**WHAT IS BEING ASKED:** Only the pictures are to be left out; please reproduce everything else in the data exactly.

**RECORDED DATA:**
== Segment start ==
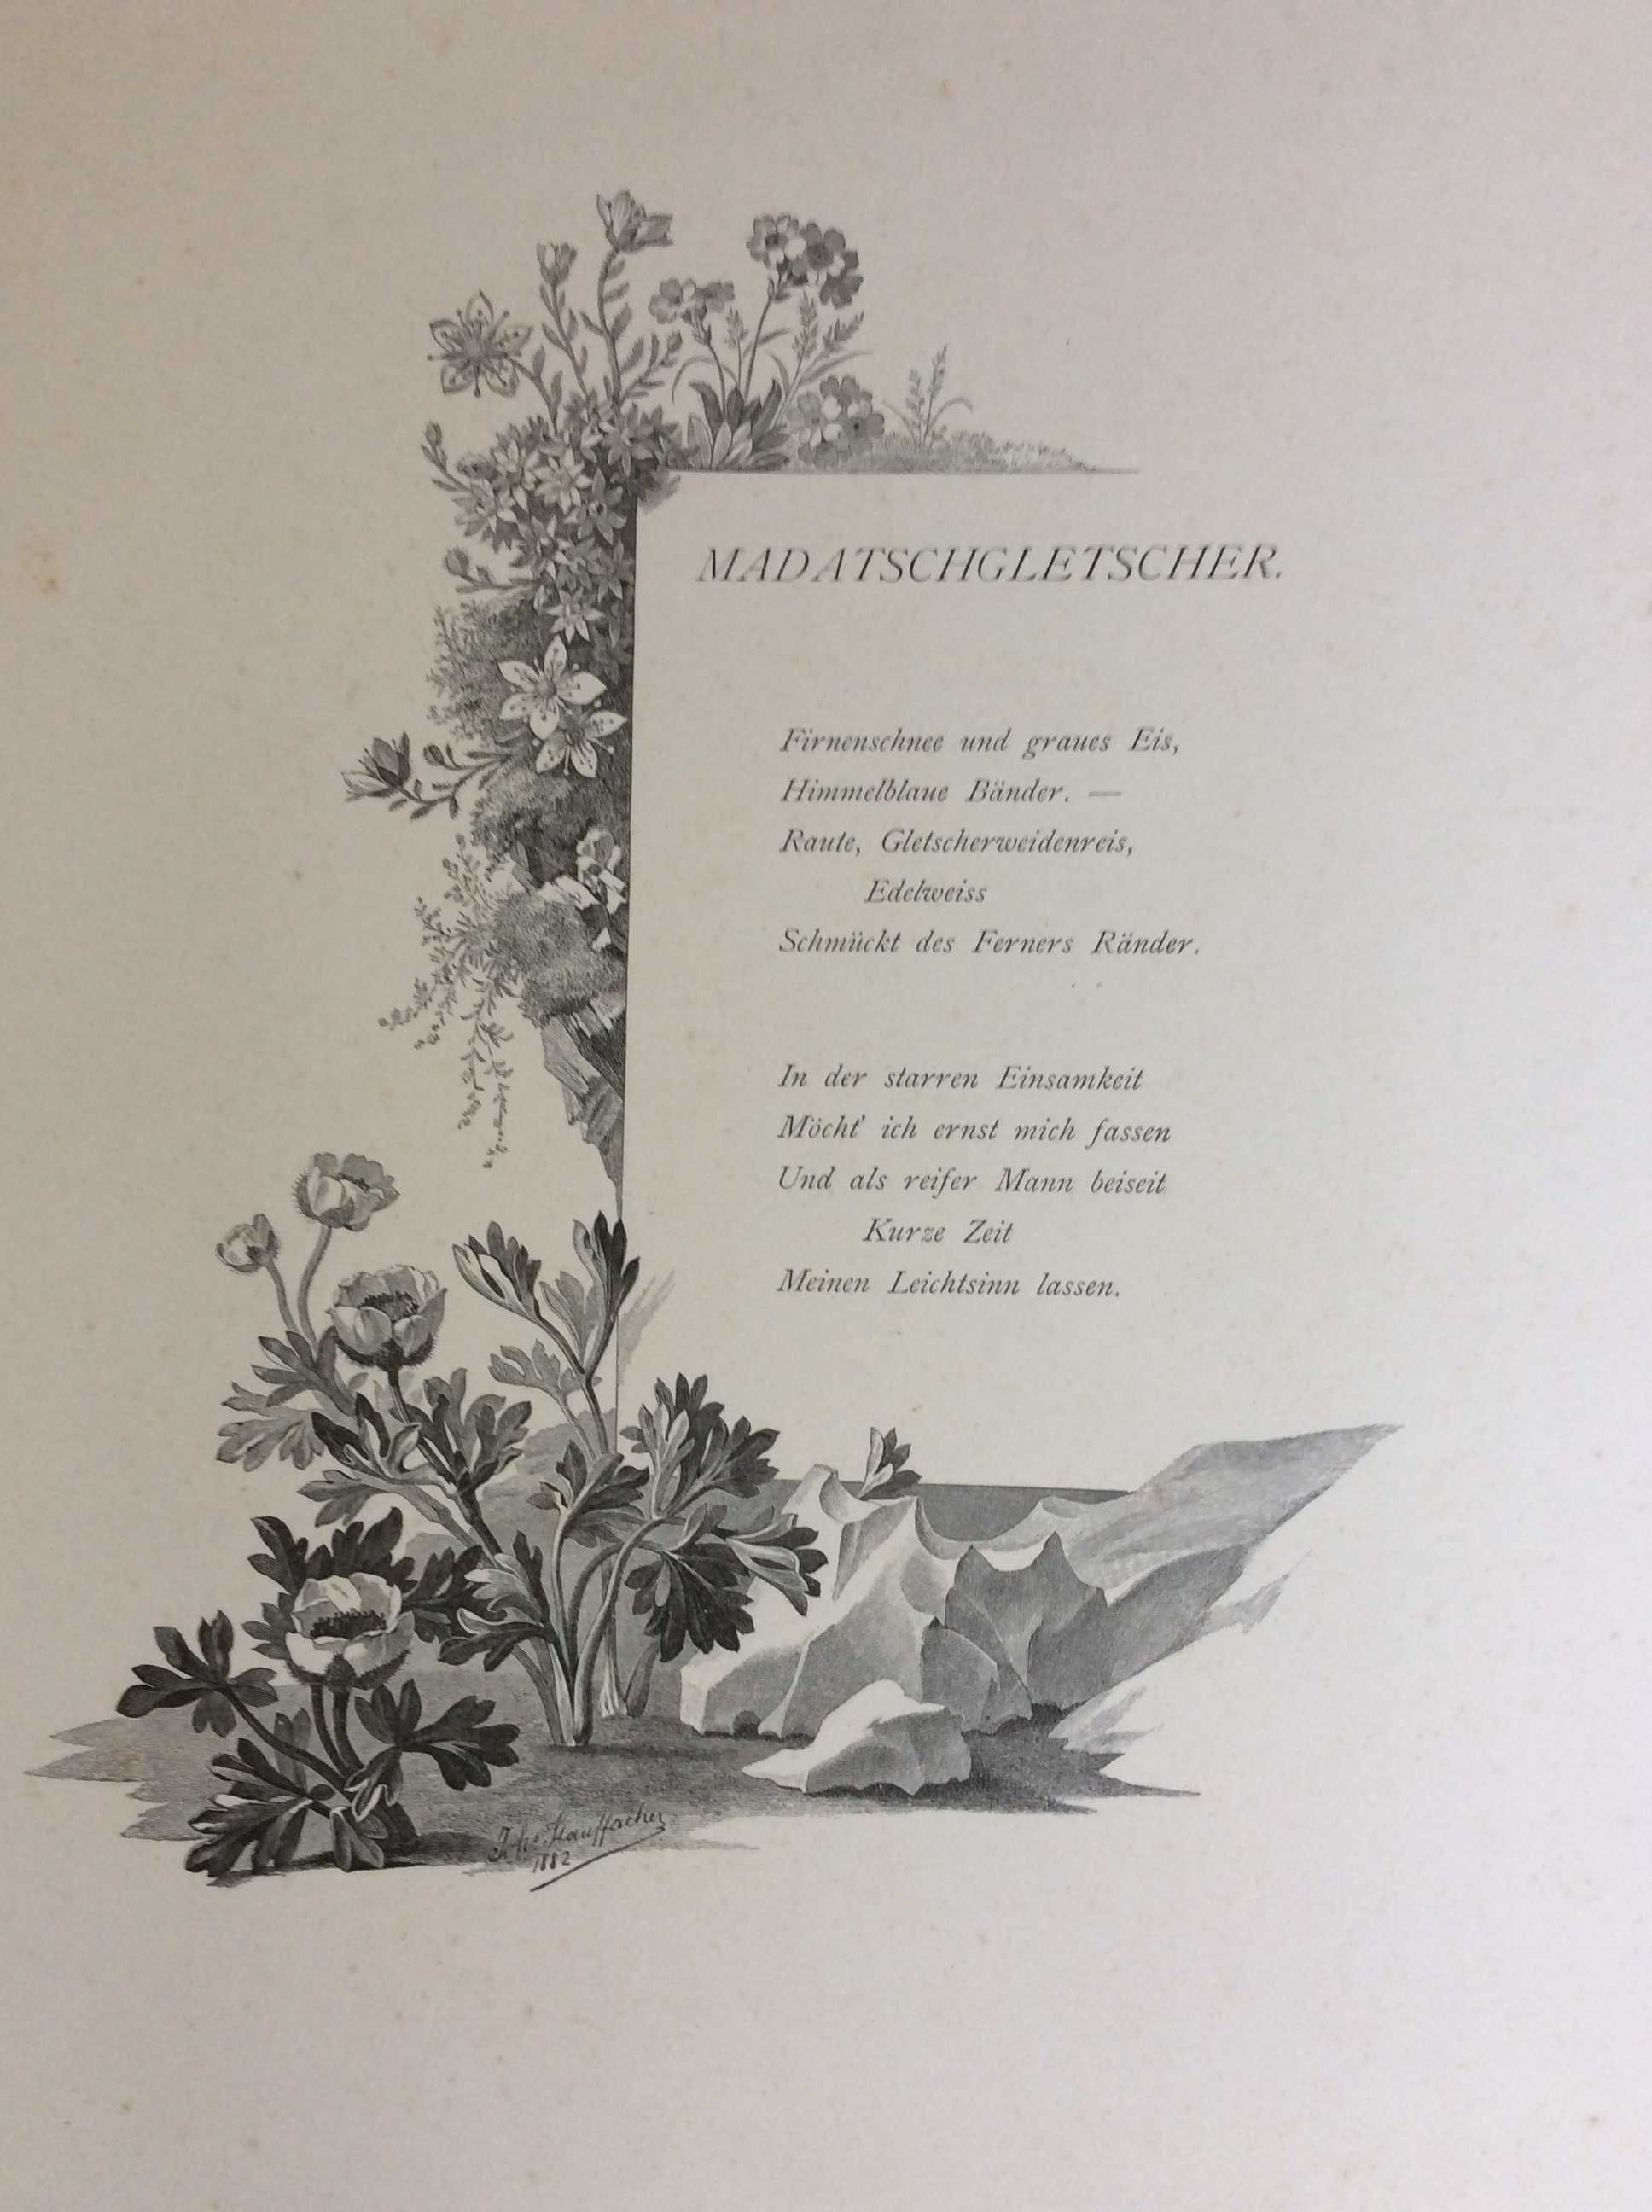 Poesia e botânica, dedicado aos Alpes. Ano 1882. Raro. Lote 6
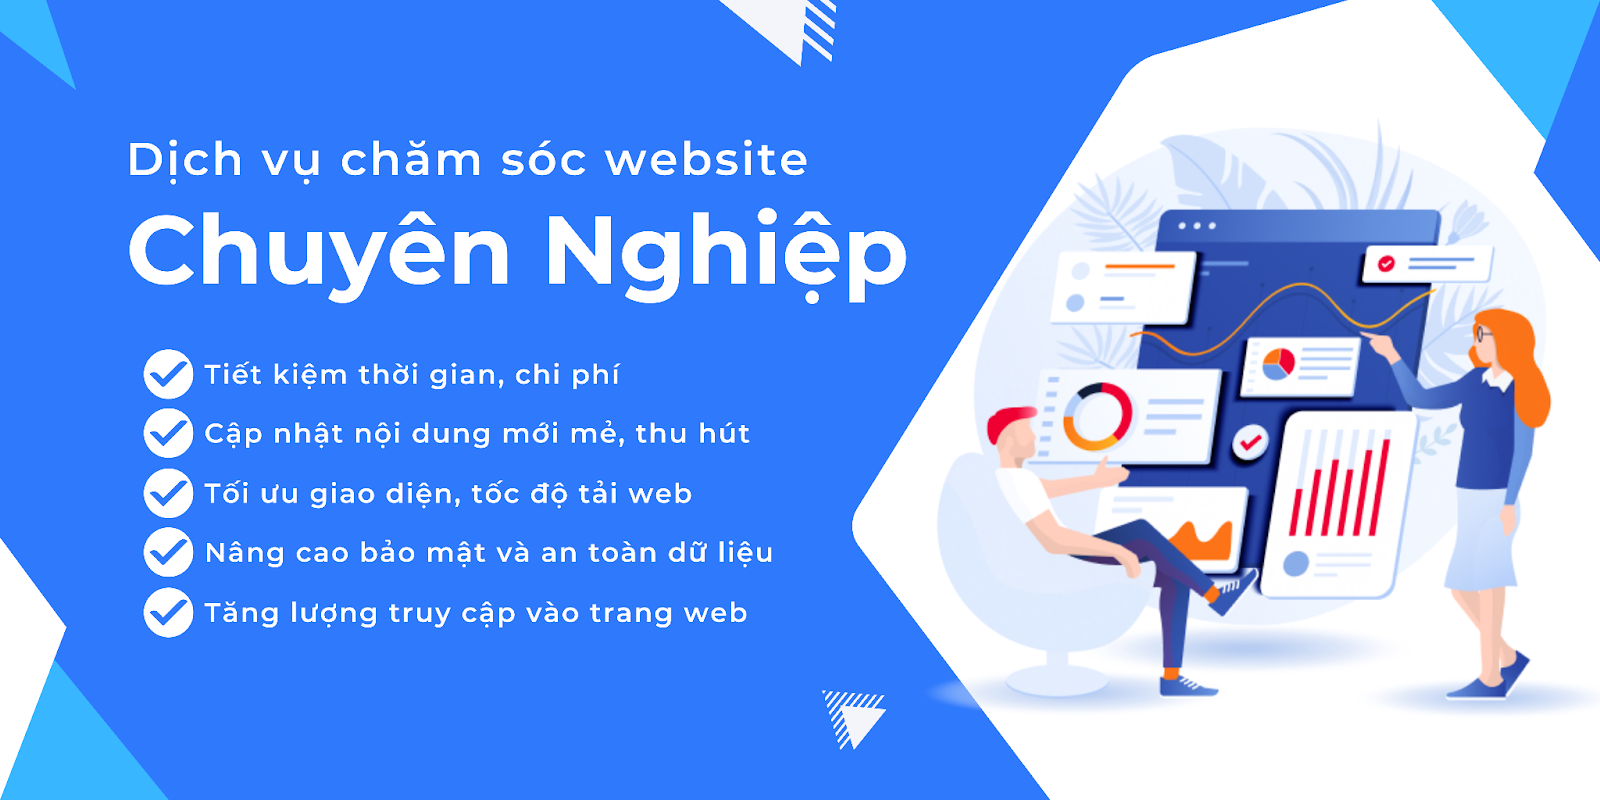 Dịch vụ chăm sóc website chuyên nghiệp tại Ment.vn
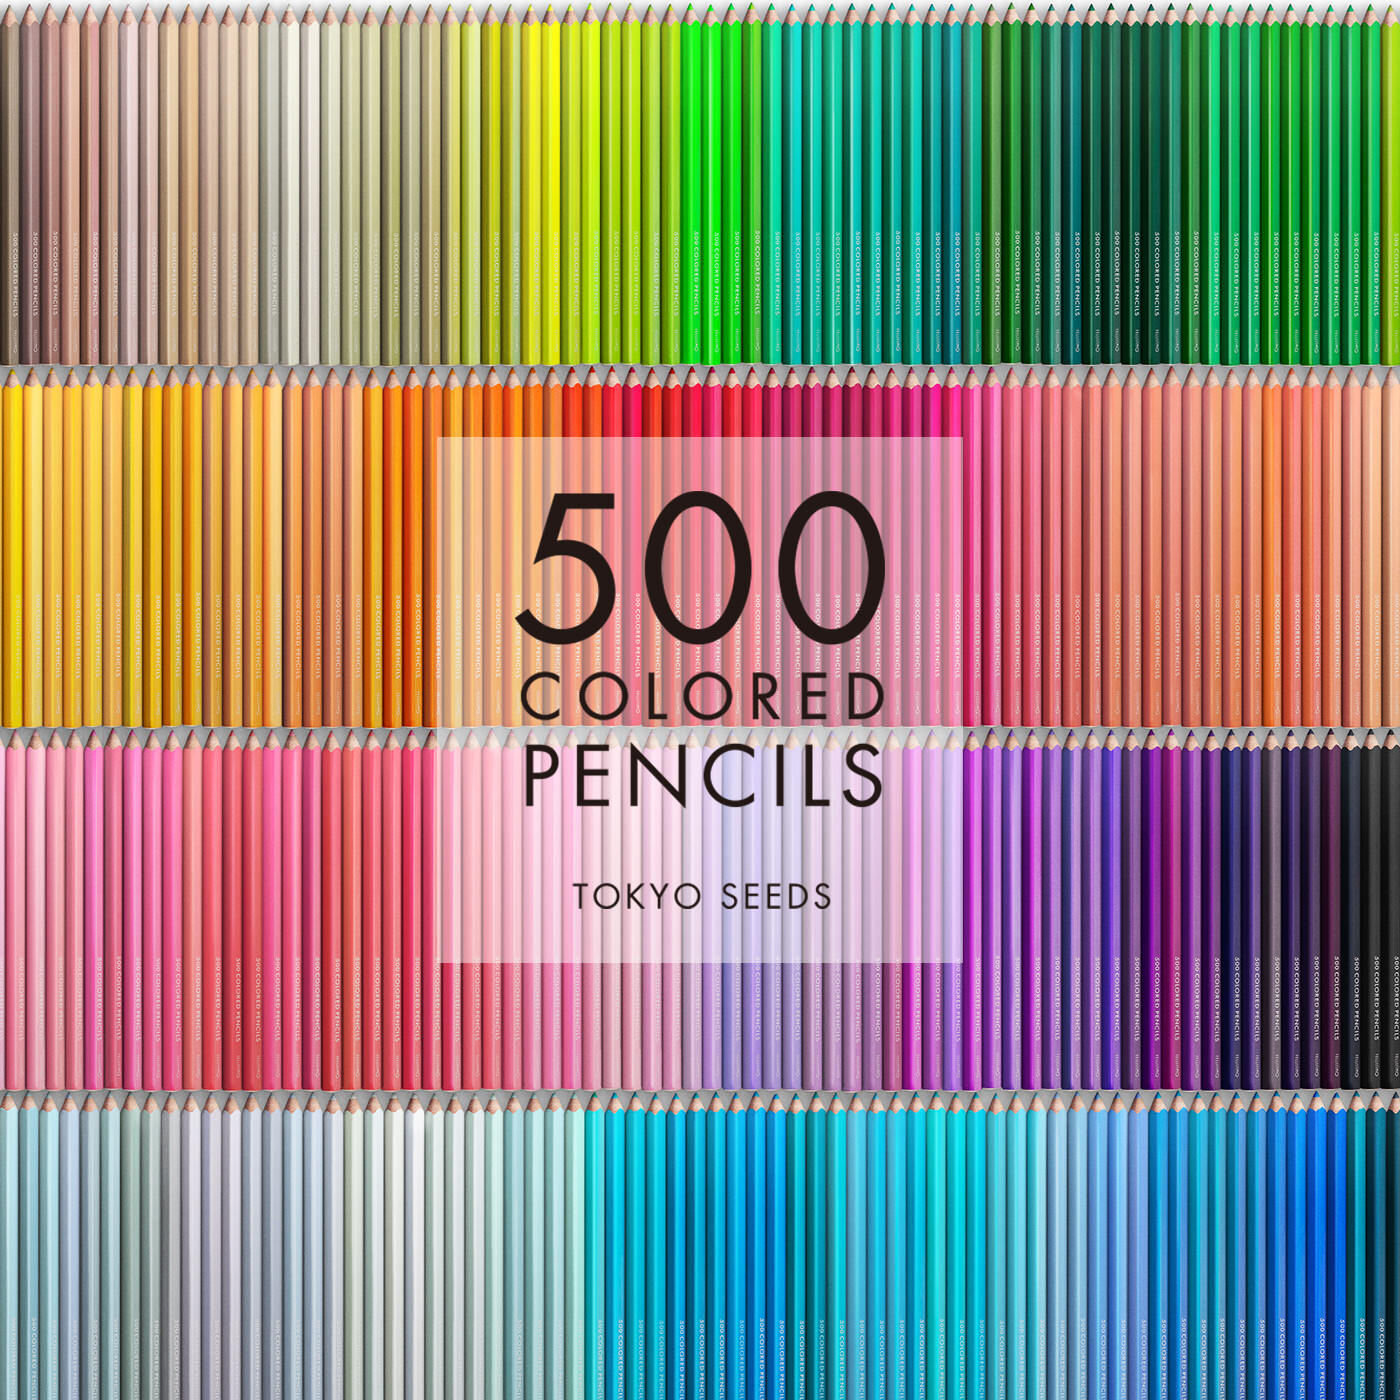 Real Stock|【293/500 MARIGOLD MAGIC】500色の色えんぴつ TOKYO SEEDS|1992年、世界初の「500色」という膨大な色数の色えんぴつが誕生して以来、その販売数は発売当初から合わせると、世界55ヵ国10万セット以上。今回、メイド・イン・ジャパンにこだわり、すべてが新しく生まれ変わって登場しました。
== Segment end ==
**TASK SOLUTION:**
 Poesia e botânica, dedicado aos Alpes. Ano 1882. Raro. Lote 6
 Dịch vụ chăm sóc website chuyên nghiệp tại Ment.vn
 Real Stock|【293/500 MARIGOLD MAGIC】500色の色えんぴつ TOKYO SEEDS|1992年、世界初の「500色」という膨大な色数の色えんぴつが誕生して以来、その販売数は発売当初から合わせると、世界55ヵ国10万セット以上。今回、メイド・イン・ジャパンにこだわり、すべてが新しく生まれ変わって登場しました。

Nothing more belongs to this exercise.